В разной оптике

В разной оптике

И. Левидова

Счастливо складывается судьба книг нашего современника Джона Гарднера, — меж­ду появлением их в США и публикацией переводов у нас нет существенного разрыва. В 1979 году «Прогресс» издал его однотомник: роман, повесть и рассказы, в общем, почти все, за исключением первого романа о современности «Диалоги с Солнечным» (1972), с чем вошел в американскую литературу ученый-филолог, автор вольных обработок античных и средневековых сюжетов.

После того, как мы освоили многообразие повествовательного искусства этого бытописателя, фантаста, публициста, психолога, виртуоза литературной стилизации — дух, плоть и структура его последнего по времени романа «Осенний свет» (1976) воспринимаются как нечто узнаваемое, «гарднеровское». А две книги короткой прозы, вышедшие позднее: «Книга Фредди» (1980), «Искусство жить» и другие рассказы (1981) — как эскизы и варианты к более ранним произведениям. Интересные сами по себе, они подтверждают, что писатель не расстался со своими главными темами и продолжал до самого конца испытания своего метода. Завидной щедрости фантазия и свобода передвижения во времени и пространстве, дающаяся только незаурядной эрудицией (филологической, исторической, философской), оберегала писателя от самоповторения. Казалось, будто он строит большое здание по еще неведомым нам чертежам: поверхности и детали, соединяясь друг с другом, постепенно образуют архитектурное целое, — теперь мы видим, что главное в этом замысле осуществилось.

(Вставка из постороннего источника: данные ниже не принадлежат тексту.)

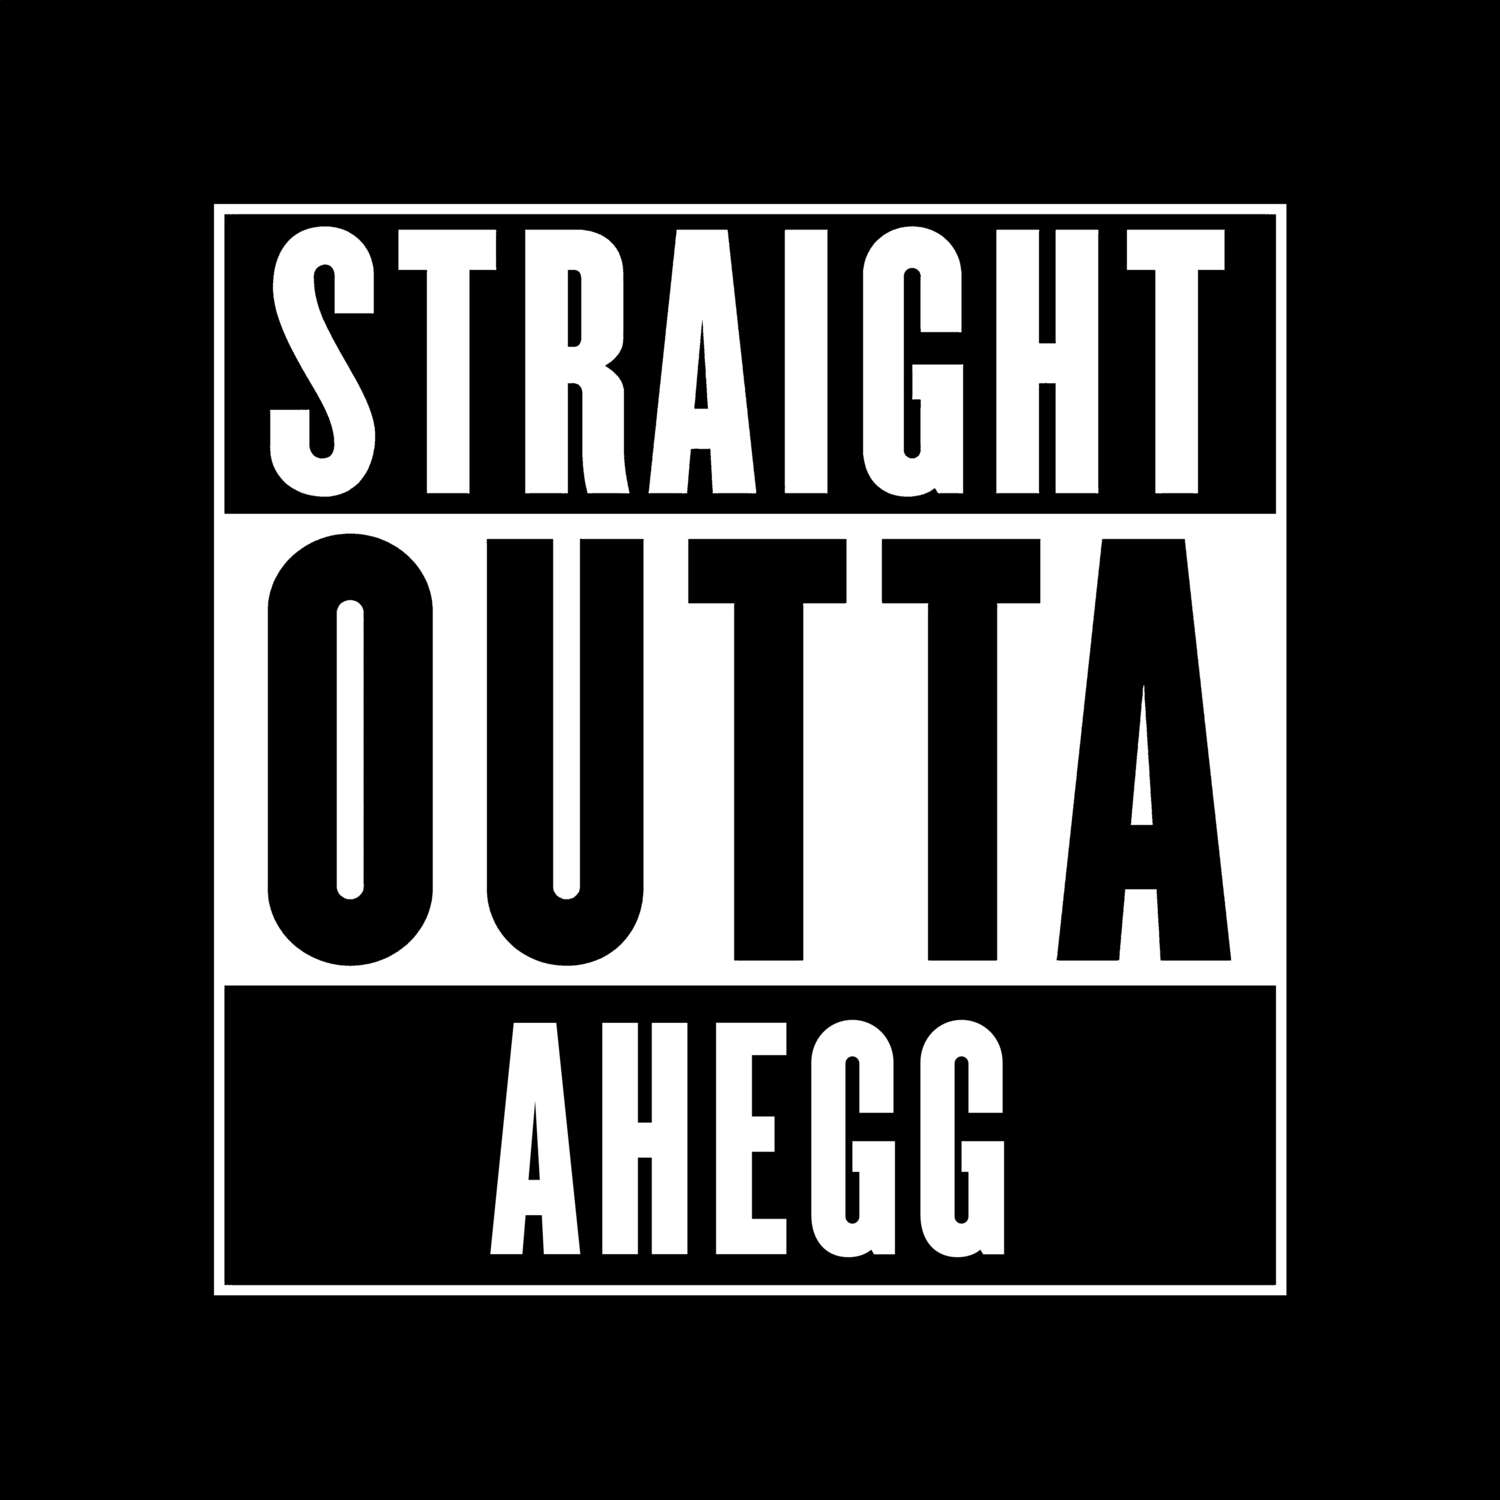 Ahegg T-Shirt »Straight Outta«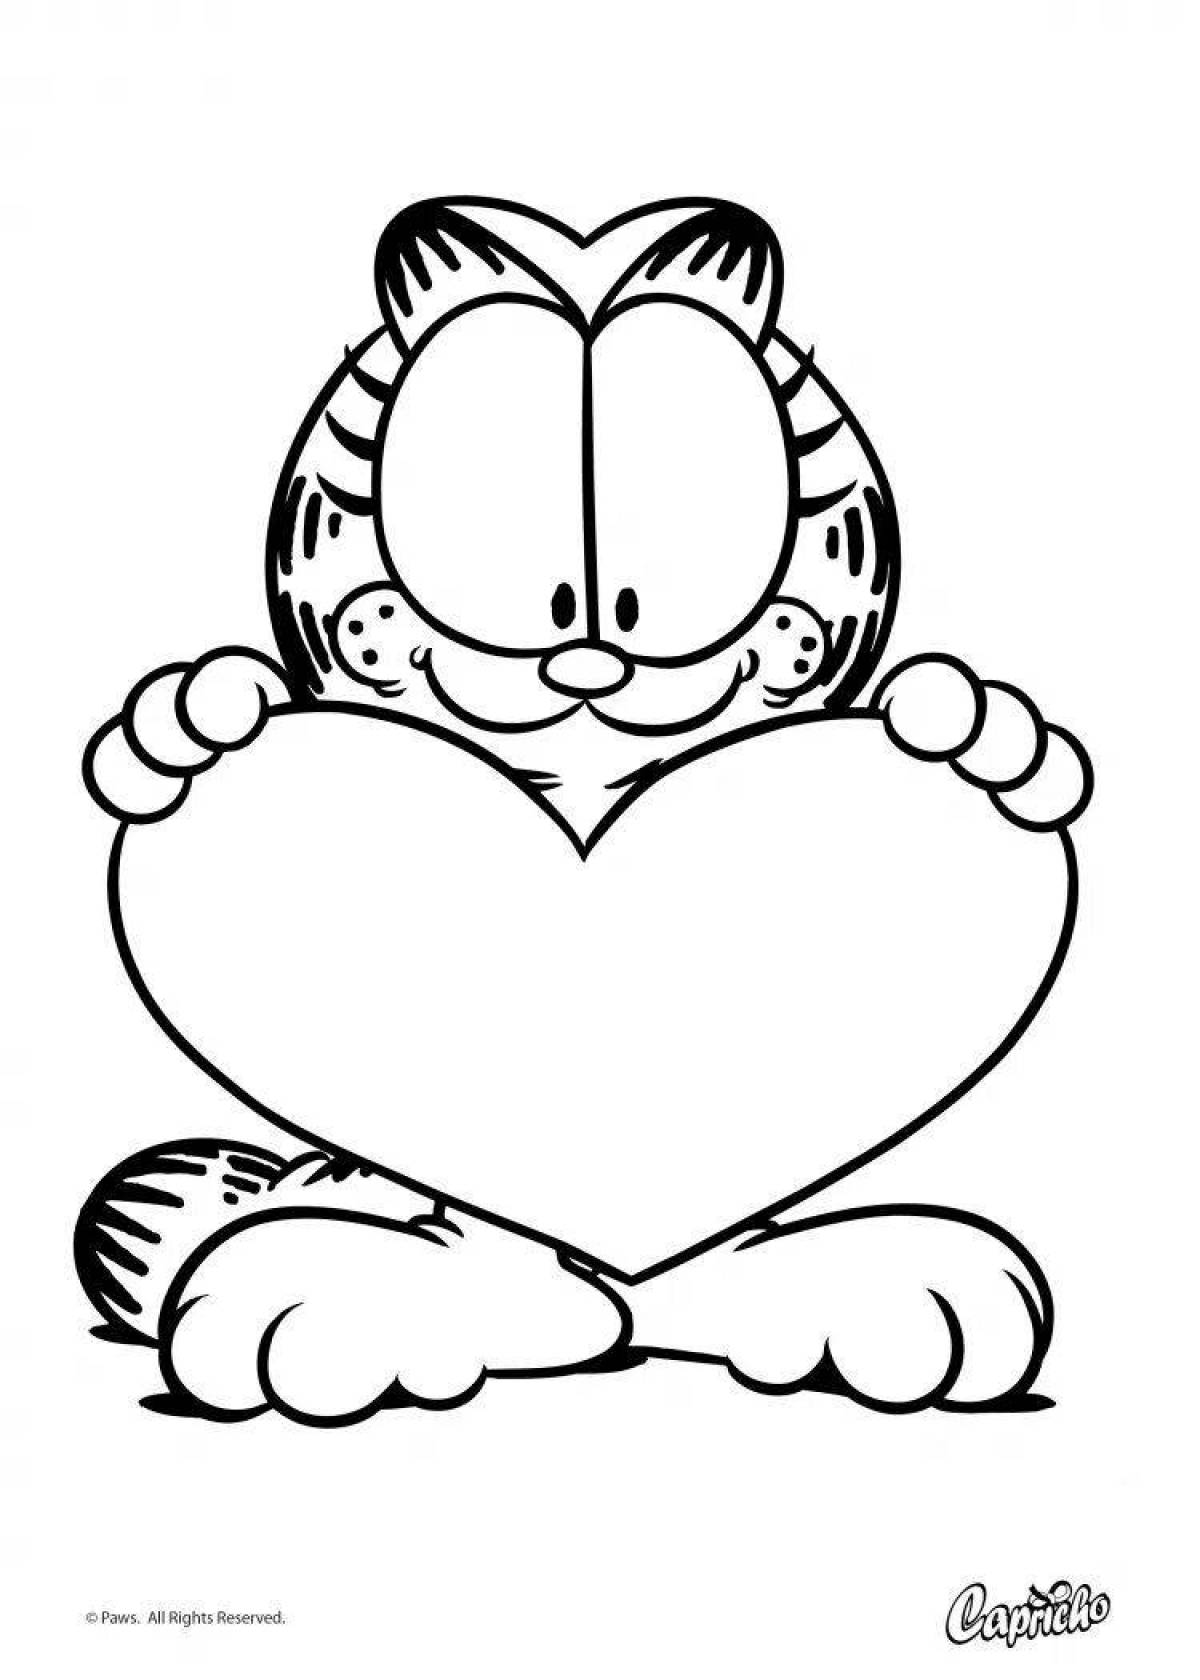 Garfield adorable coloring book

Заглавие оригинала («Октябрьский свет») переведено вольно, видимо, во избежание ассоциаций, которые могут поначалу дезориентировать читателя. По-моему, напрасно. Между светом осенним, грустным и приглушенным, и светом именно октябрьским с его предчувствием морозов, холодным солнечным блеском и литой голубизной неба есть различие, важное для смысла книги. За исключением этого и, быть может, излишней разговорности начала, в оригинале более строгого и эпичного, перевод чутко следует за стилистическими поворотами и перебивками, которые возникают не только в связи с двумя чередующимися повествованиями, но и внутри самой сердцевины книги, — «вермонтского романа». Органическое свойство Гарднера-повествователя — его стилистическая «переимчивость», редкая способность к перевоплощению вызывает и удивление и некоторое беспокойство. Порой хочется спросить: а где же свой, истинный голос этого рассказчика, только ему присущая интонация? Гарднер как будто бы может все; подобно Име Сумак, он владеет голосами разных тембров и огромного диапазона. И все же интонационный стержень в этом многоголосье прощупывается. Происходит это тогда, когда писатель обращается к материалу, связанному с первыми, формирующими жизненными опытами и впечатлениями.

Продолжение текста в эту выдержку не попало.